- **WORK TO BE COMPLETED**: A line below contains "Vintage Paper Cutter", and a later one contains "Lyst - Michael". Repeat both, with every line between them, exactly.

━━━━━ INPUT DATA ━━━━━

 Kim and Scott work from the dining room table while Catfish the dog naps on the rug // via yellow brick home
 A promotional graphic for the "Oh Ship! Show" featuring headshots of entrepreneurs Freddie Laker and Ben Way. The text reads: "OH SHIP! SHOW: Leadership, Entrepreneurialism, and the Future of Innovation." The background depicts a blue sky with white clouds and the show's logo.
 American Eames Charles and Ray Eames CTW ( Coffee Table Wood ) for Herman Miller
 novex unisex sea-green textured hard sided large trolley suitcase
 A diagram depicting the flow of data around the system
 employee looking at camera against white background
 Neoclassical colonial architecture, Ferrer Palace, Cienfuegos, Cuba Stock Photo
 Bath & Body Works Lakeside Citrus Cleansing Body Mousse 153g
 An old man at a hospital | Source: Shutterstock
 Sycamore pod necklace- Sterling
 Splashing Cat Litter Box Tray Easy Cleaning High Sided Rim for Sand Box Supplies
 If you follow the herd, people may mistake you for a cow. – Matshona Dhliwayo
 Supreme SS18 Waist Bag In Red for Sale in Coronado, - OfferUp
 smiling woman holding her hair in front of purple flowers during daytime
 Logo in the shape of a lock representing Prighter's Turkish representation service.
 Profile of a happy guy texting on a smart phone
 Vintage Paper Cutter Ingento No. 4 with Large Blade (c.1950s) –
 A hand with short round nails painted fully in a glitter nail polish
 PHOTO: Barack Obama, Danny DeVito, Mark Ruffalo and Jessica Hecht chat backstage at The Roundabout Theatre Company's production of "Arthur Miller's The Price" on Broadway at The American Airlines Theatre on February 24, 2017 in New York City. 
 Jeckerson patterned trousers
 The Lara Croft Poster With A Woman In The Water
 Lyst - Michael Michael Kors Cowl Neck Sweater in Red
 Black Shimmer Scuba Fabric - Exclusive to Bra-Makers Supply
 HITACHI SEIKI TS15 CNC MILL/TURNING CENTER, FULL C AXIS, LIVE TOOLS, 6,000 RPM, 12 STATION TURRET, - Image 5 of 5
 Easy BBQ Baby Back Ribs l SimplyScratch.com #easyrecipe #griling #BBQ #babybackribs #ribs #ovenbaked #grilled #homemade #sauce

━━━━━

- **PROBLEM SOLUTION**:
 Vintage Paper Cutter Ingento No. 4 with Large Blade (c.1950s) –
 A hand with short round nails painted fully in a glitter nail polish
 PHOTO: Barack Obama, Danny DeVito, Mark Ruffalo and Jessica Hecht chat backstage at The Roundabout Theatre Company's production of "Arthur Miller's The Price" on Broadway at The American Airlines Theatre on February 24, 2017 in New York City. 
 Jeckerson patterned trousers
 The Lara Croft Poster With A Woman In The Water
 Lyst - Michael Michael Kors Cowl Neck Sweater in Red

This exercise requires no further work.